The Gd-BOPTA agent’s aromatic ring enables weak plasma protein binding, leading to a lower molecular tumbling rate and thus a longer rotational MR correlation time and higher relaxivity in blood plasma and myocardial interstitial fluid compared to Gd-DTPA and gadobutrol. Furthermore, a lower dose of Gd-BOPTA has been shown to have similar diagnostic efficacy to a higher dose of Gd-DTPA in LGE imaging of MI . Kawel et al. have shown that the use of Gd-DTPA leads to myocardial T 1 values around 15 ms lower than Gd-BOPTA, with no statistically significant difference seen in blood pool . This results in slightly greater ECV values measured by Gd-DTPA, of the order of 0.01, perhaps due to Gd-BOPTA’s binding to human serum albumin, which is responsible for its increased relaxivity. With regards to relaxivity variations with field strength, work by Rohrer et al. and Pintaske et al. has illustrated the variability in R 1 of GBCAs in human blood plasma for different contrast agent types and at different field strengths [81, 82], which will lead to bias and variability in ECV measurements if not accounted for.
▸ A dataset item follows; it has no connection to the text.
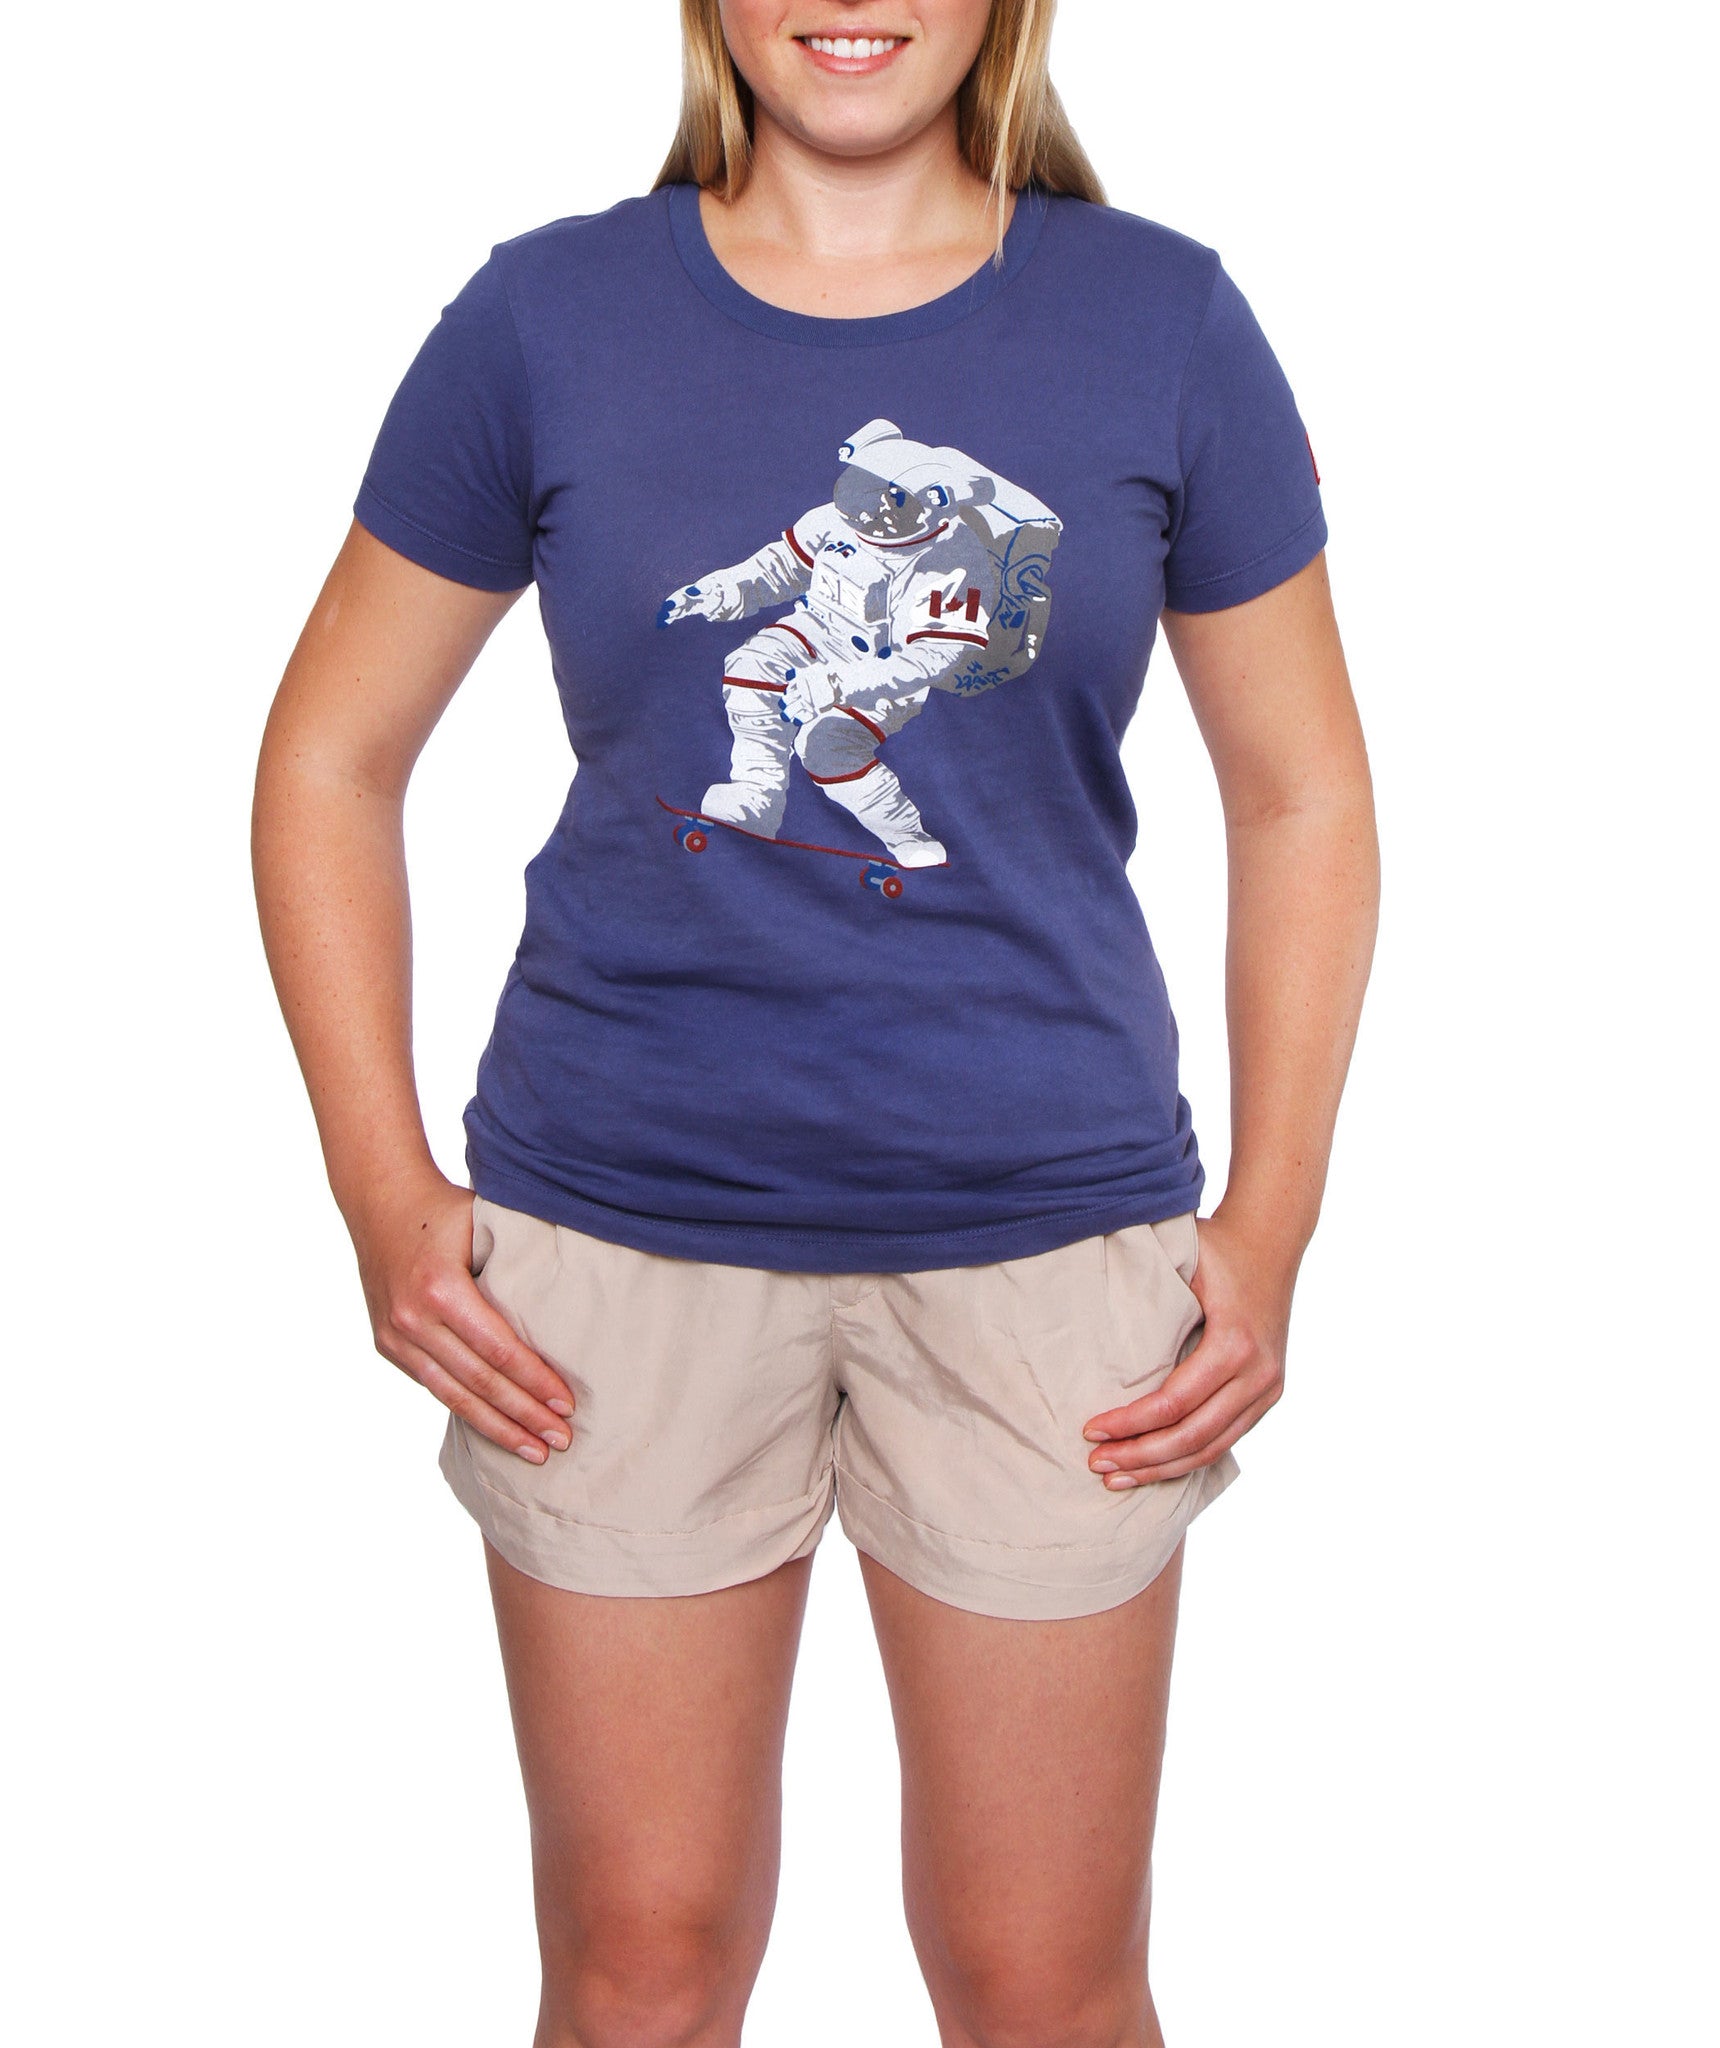 Chris Hadfield Skateboarding Astronaut Women's T-shirt | 60°N 95°W

The relatively greater presence of albumin in blood versus myocardium means the distribution of protein-bound contrast agent between these pools is likely to be different than for non-protein-bound equivalents, altering the ratio of the change in relaxation rate of myocardium and blood and thus altering ECV. Given that this distorts one of the assumptions of in gadolinium-based ECV estimation, use of a protein-bound contrast agent will slightly modify partition coefficient estimation by T 1 mapping. If investigators plan to use one of these agents, they should do so consistently, and report this clearly in any inter-site comparisons.
Steady-state contrast versus bolus administration
Fast exchange assumption
Equations (7) and (8) are dependent on the fast exchange assumption, whereby we assume that water exchange between intracellular and extracellular compartments is sufficiently fast relative to the difference between the relaxation rates of the compartments considered in isolation . In cases where this assumption is broken, where higher GBCA concentrations are used or post-GBCA measurements are made too early, as discussed above, ECV may be underestimated . Regardless, in typical clinical T 1-mapping situations, it appears that the fast-exchange assumption is sound.
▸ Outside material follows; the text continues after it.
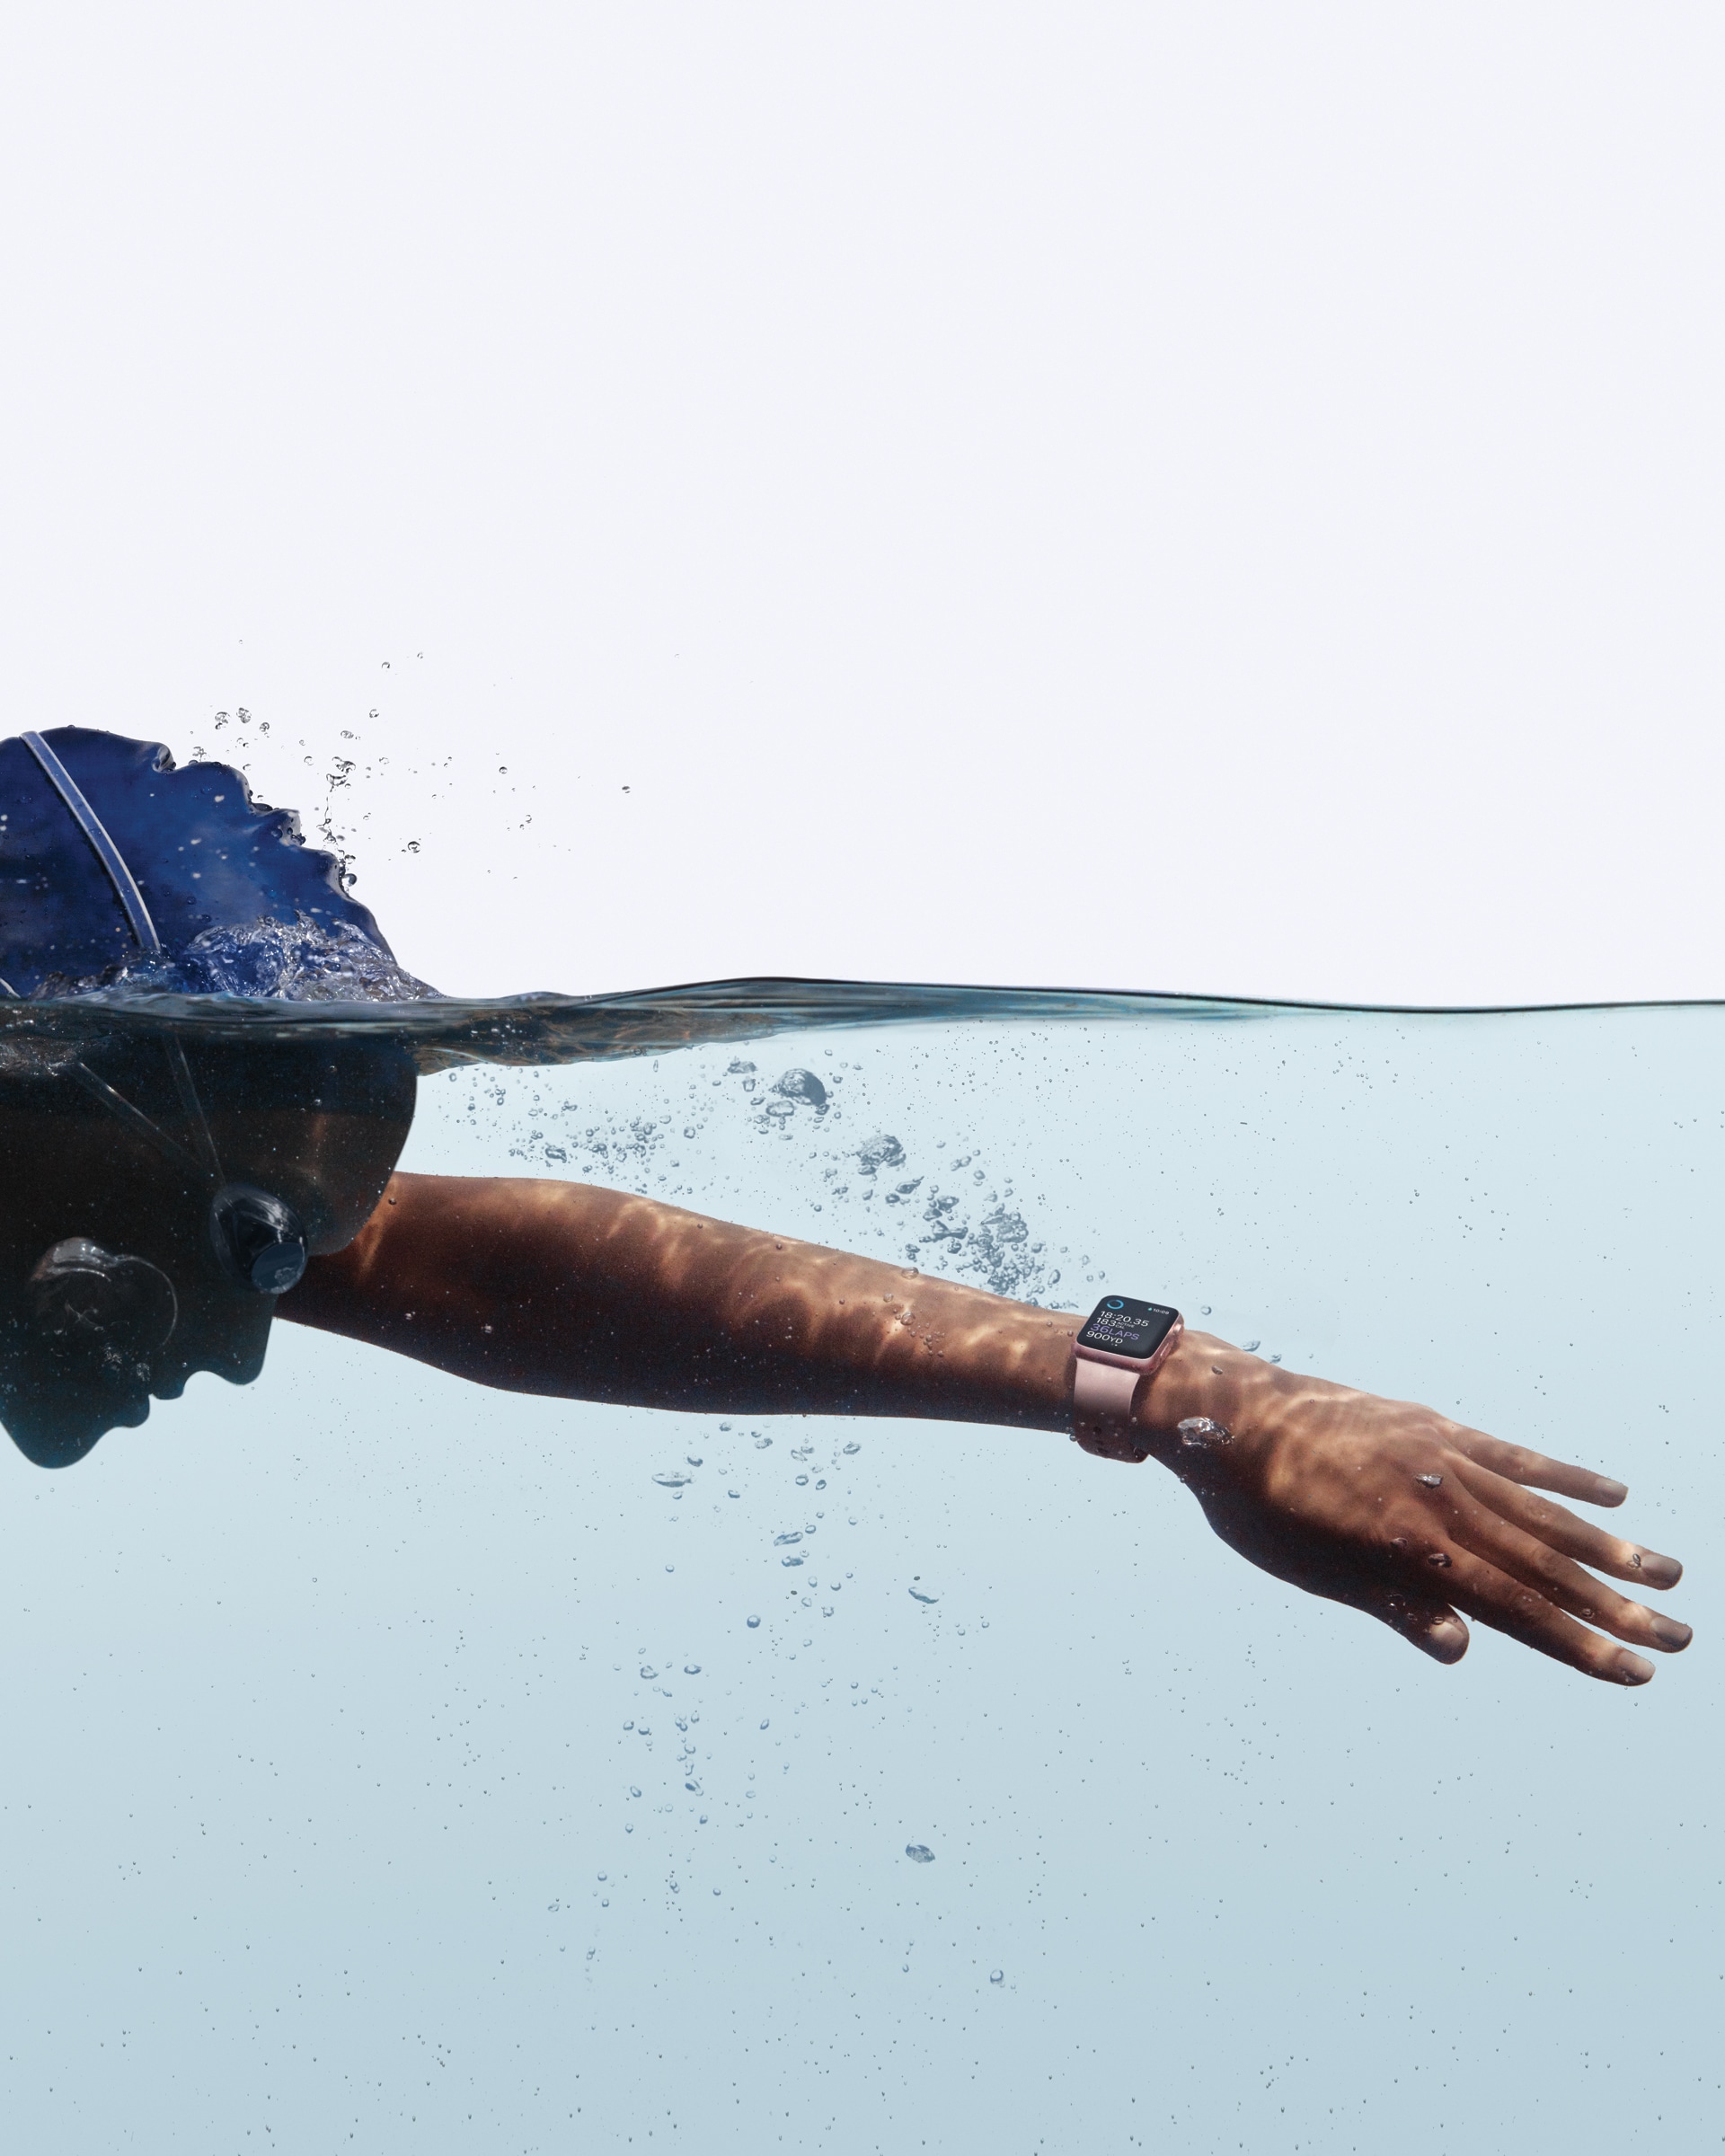 Apple Watch Series 2 sendo usado para natação (na água)

Use of blood T1 to calculate haematocrit
The blood for haematocrit assessment should be taken contemporaneously with T 1 mapping , to avoid unnecessary scatter in ECV. Synthetic haematocrit has recently been proposed as a means of streamlining ECV calculation ; it is calculated using the linear relationship between native blood T 1 and blood-analysed haematocrit. Support for this approach is spreading [93, 94]; however, several issues have been identified that should be considered [95, 96].
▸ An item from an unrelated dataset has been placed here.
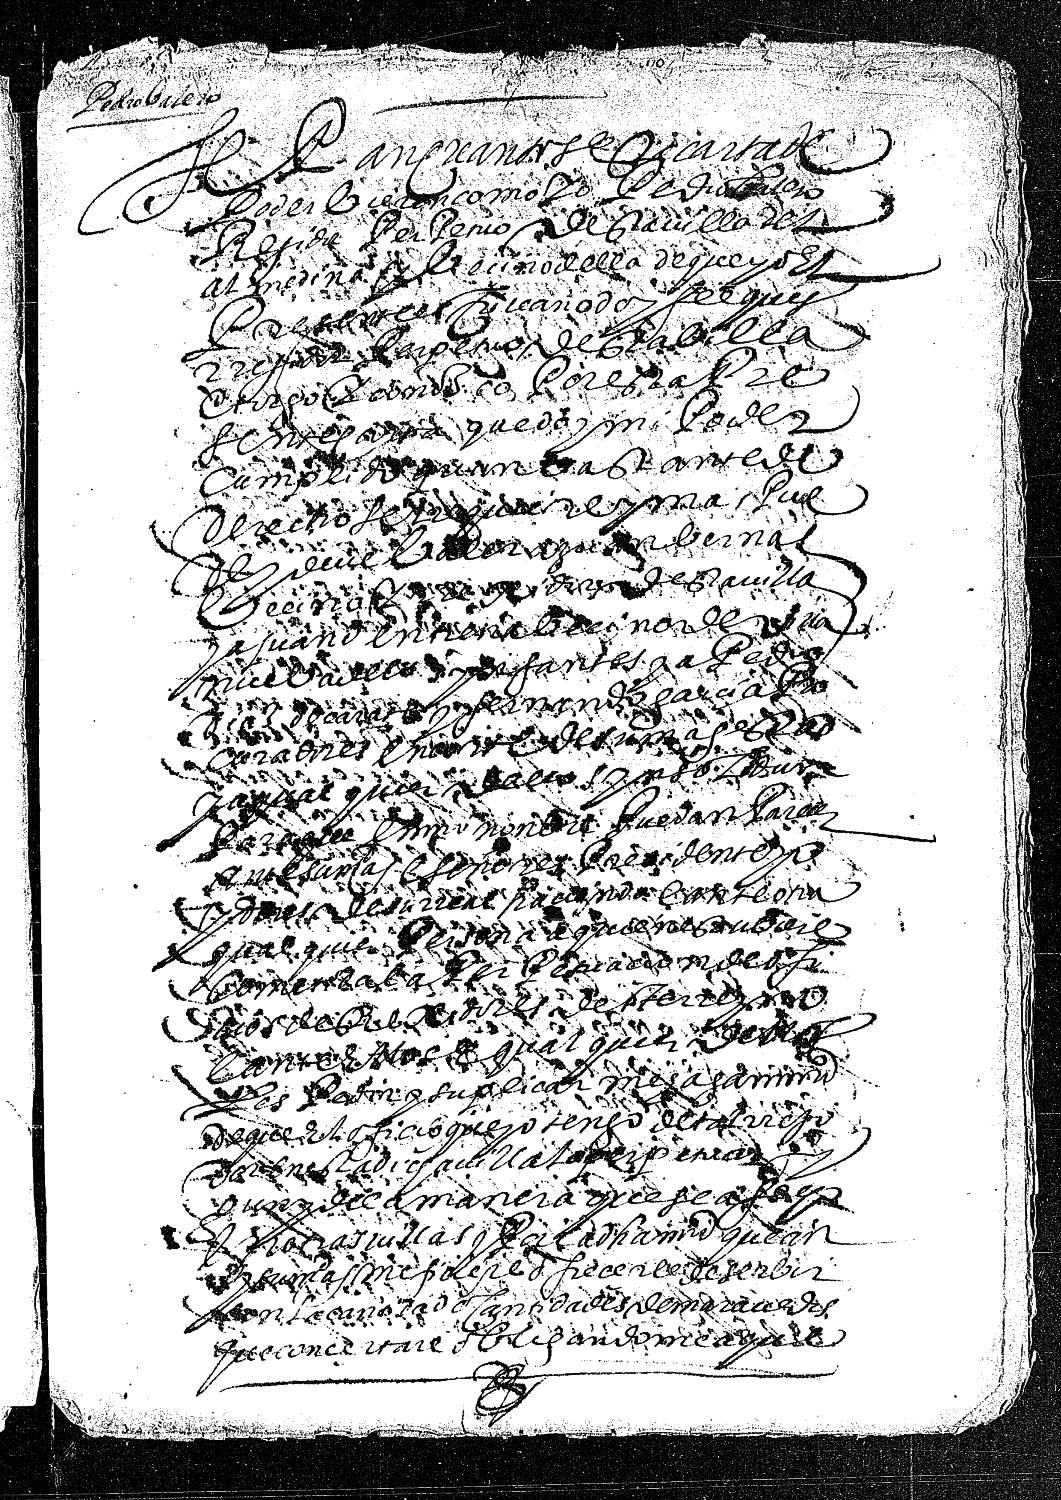 Carta de poder de Pedro Valero dada a Juan Bernal, Juan de Entrena, Pedro Díaz de Zarate y Fernando García, procuradores en la Corte, para que le consigan la perpetuación de su oficio de regidor de Almedina.

Summary of contrast agent issues
Although there are multiple issues with contrast agent types and field-strengths, none of these appear to dominate. There perhaps remains a dilemma between optimal ECV assessment and clinical feasibility: for example, the use of multiple acquisitions during GBCA washout, along with multiple averages for native T 1 scans, will improve ECV accuracy and precision, but such a protocol is difficult to fit into busy clinical schedules.
Errors in specific clinical applications
The aim of this section is to highlight the impact of the above topics in specific clinical applications, with examples and possible solutions.
Differences in age, sex, and myocardial region
There appear to be subtle differences in native myocardial T 1 related to sex and age, though there is currently no consensus on whether these also influence ECV [28, 64, 97, 98, 99]. Several investigators have posited theories as to why native T 1 and ECV might increase or decrease with age, but the debate over these issues is outside the scope of this review. We should, however, point out that these changes are small, and demonstrable only over large groups, with a similar scatter to T 1 and ECV estimates in diffuse fibrosis, which are discussed later.
Routine clinical applications of T1 and ECV mapping
Myocardial T 1 and ECV mapping has attracted a lot of interest for both clinical and research applications due to its potential for accurate and precise tissue characterisation on a pixel-by-pixel basis. While T 1 mapping still shows promise for aiding precision medicine and influencing management of individual patients, recent work has been more pragmatic, with applications focusing on large patient populations and specific conditions.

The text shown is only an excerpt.